As for publishing the addresses of the journalists, there doesn’t seem to be any value to that.
In both cases, and in most of the cases you referenced, my response is that just because you have a right to do something doesn’t mean you’re compelled to exercise it.
Maybe everyone should stop doxxing each other and focus on the issue, and that comes back to laws.
I am a strong supporter of the Second Amendment, but also of public information. The criteria isn’t if it is ‘newsworthy’, but is it informational? Informative? I bet that a lot of New York progressives had stereotyped gun owners as drooling rednecks, not their own neighbors. They may have to re-think the tenor of their abuse.

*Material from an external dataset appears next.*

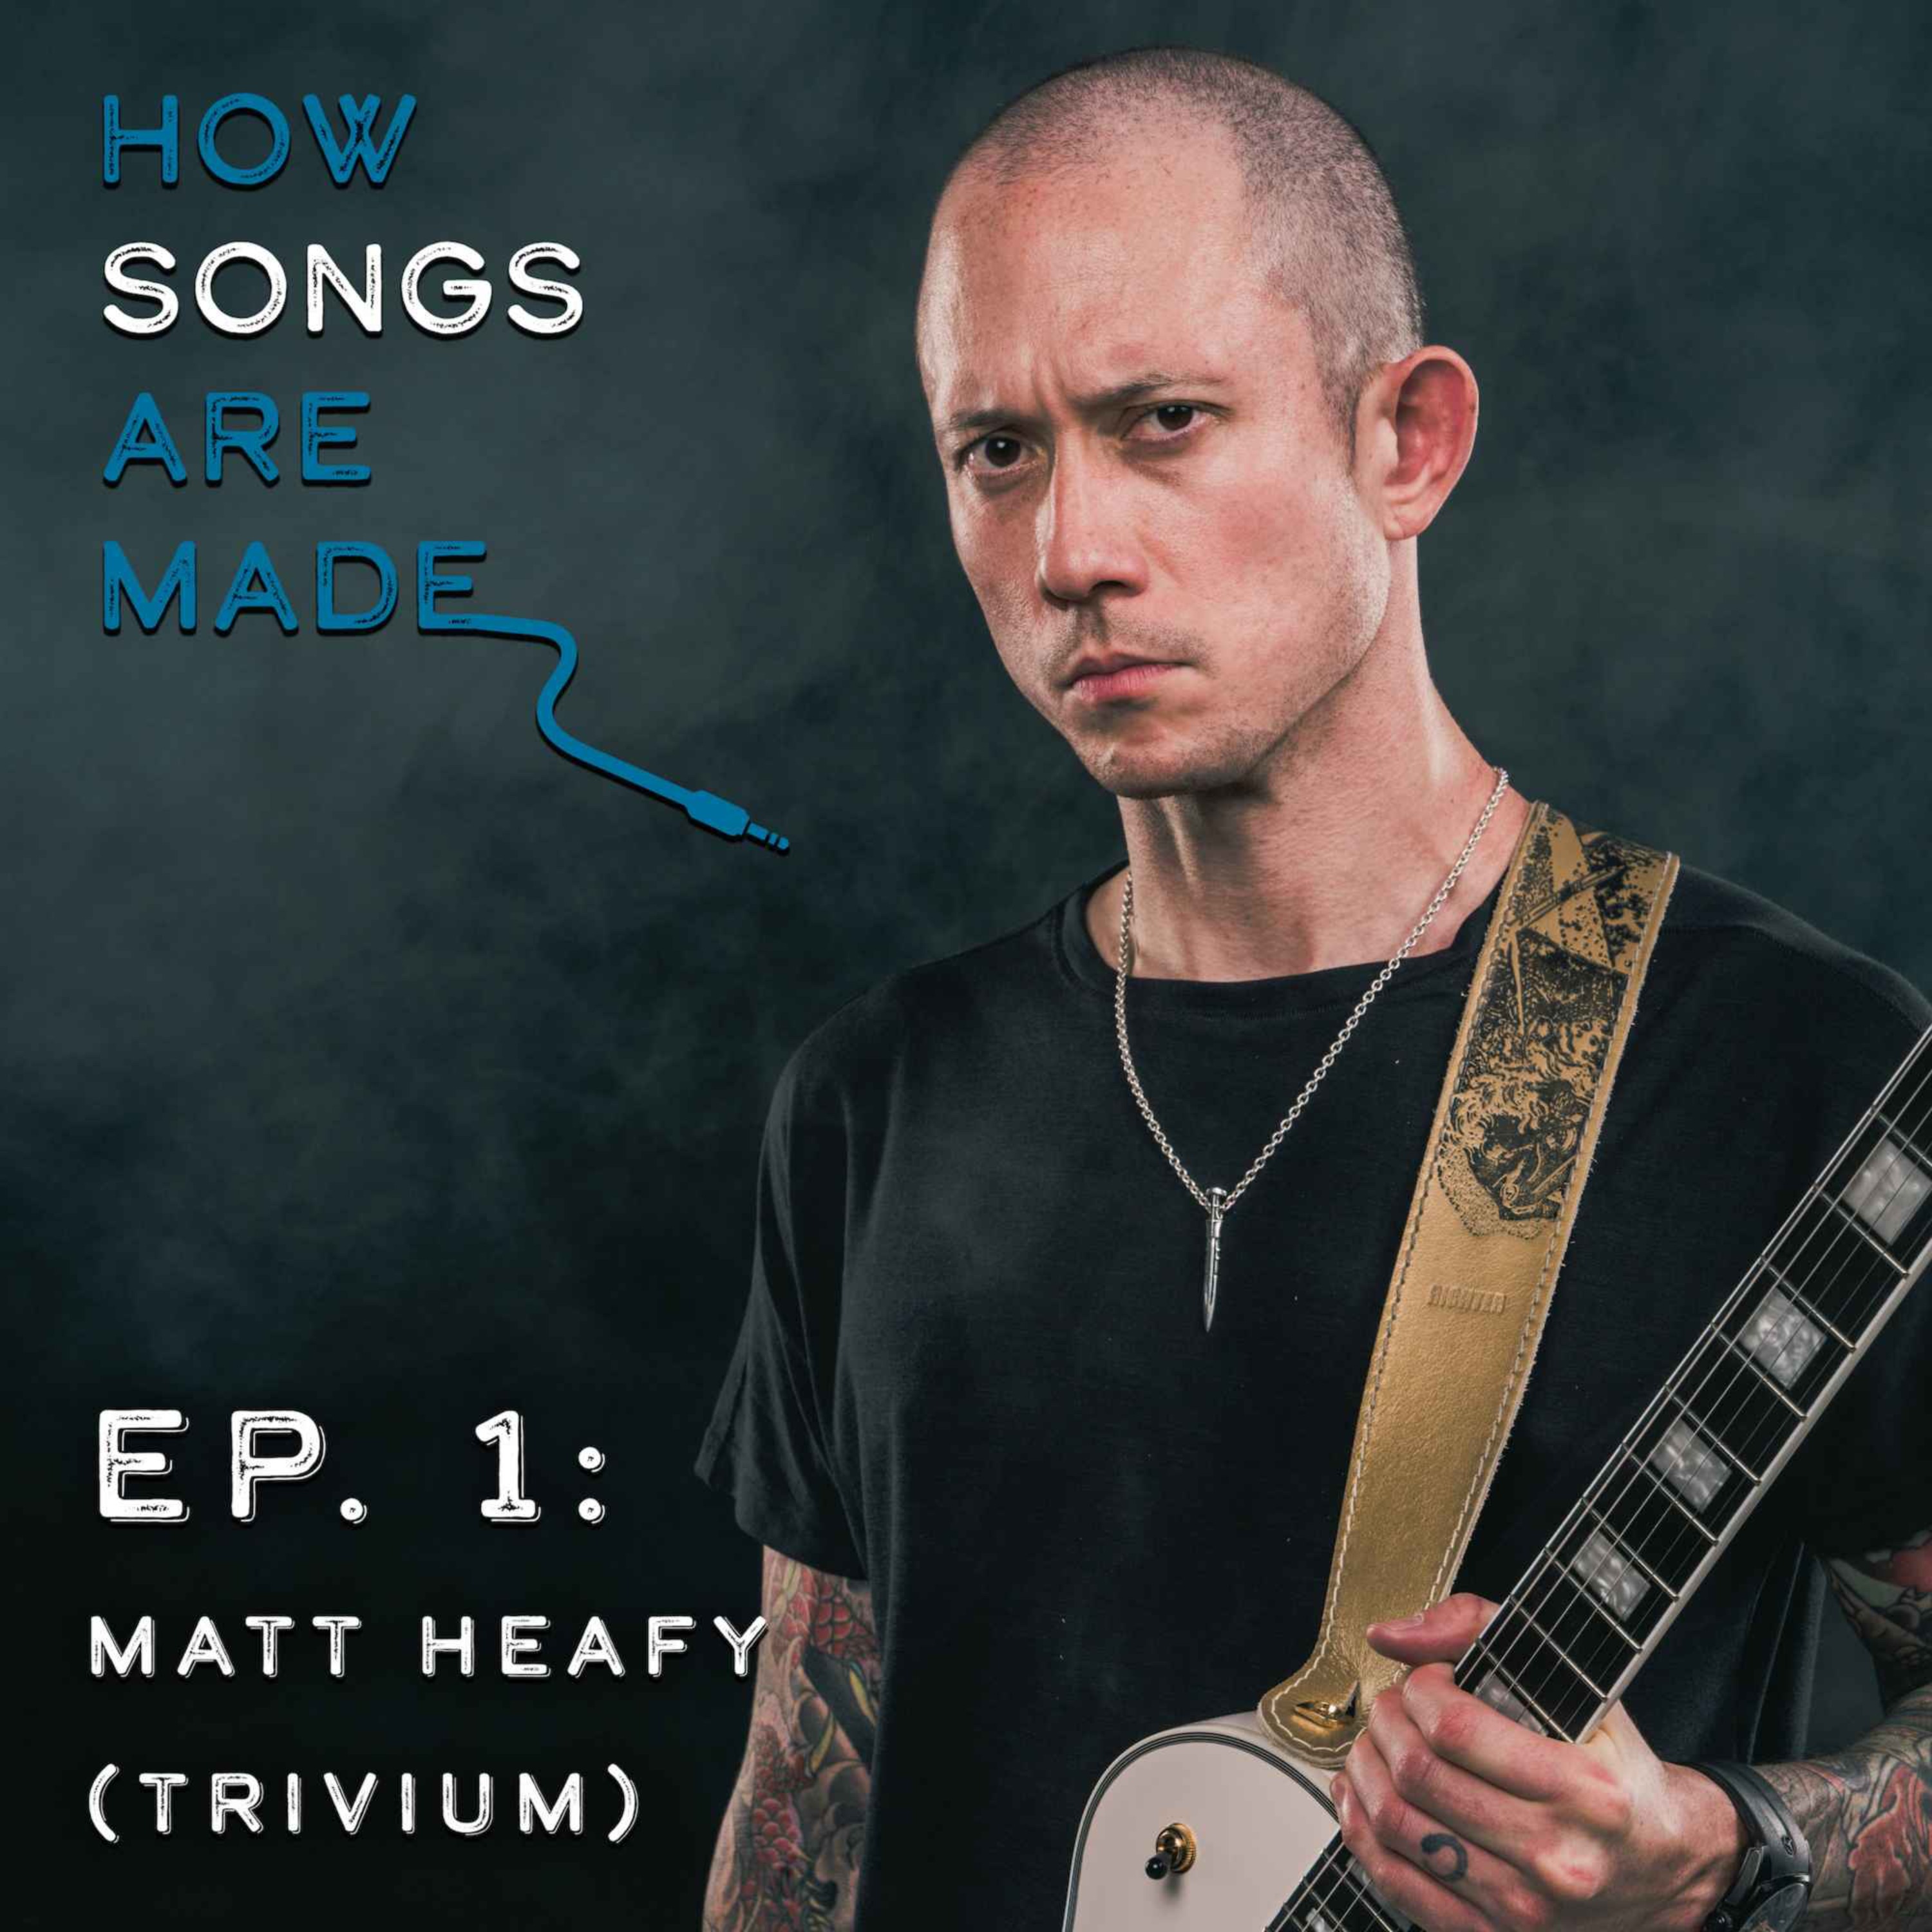 Matt Heafy (Trivium) - How We Wrote “In The Court Of The Dragon” Image

We had a public official in Eastham dismissed when Tom Lang first thought of publishing public documents, i.e., the marriage petition – it was implied that he would fail to serve gay members of the community becasue he signed the petition. But while this was a slander of a good person, I didn’t say we shouldn’t publish public records.
The only problem was that while his motive was to be allowed to vote on the matter, the signature was deemed a hate crime. The raw public record doesn’t provide information on motivation. Does this gun registrant just want to go deer shooting annually, or does he have enough AK-47’s to outfit a Colunbian drug cartel? That is where news reporting could be helpful – actually finding out what the story is behind the public record.
Overlooked in all of this is the opportunity for news groups to mine and make sense of the countless databases out there. This seems a somewhat unrefined example, but making these kind of data available in a useful and searchable way would be an excellent strike back at the search engines that commoditize newsgathering.
You’re looking for a public service provided by this information? How about this one: I have no interest in my young children playing in a house that has a gun in it, because guns kept in the home are far more likely to injure or kill a household member than an intruder. While my young children can play with the kids next door, I can tell them they are not allowed to go in their house. Public safety.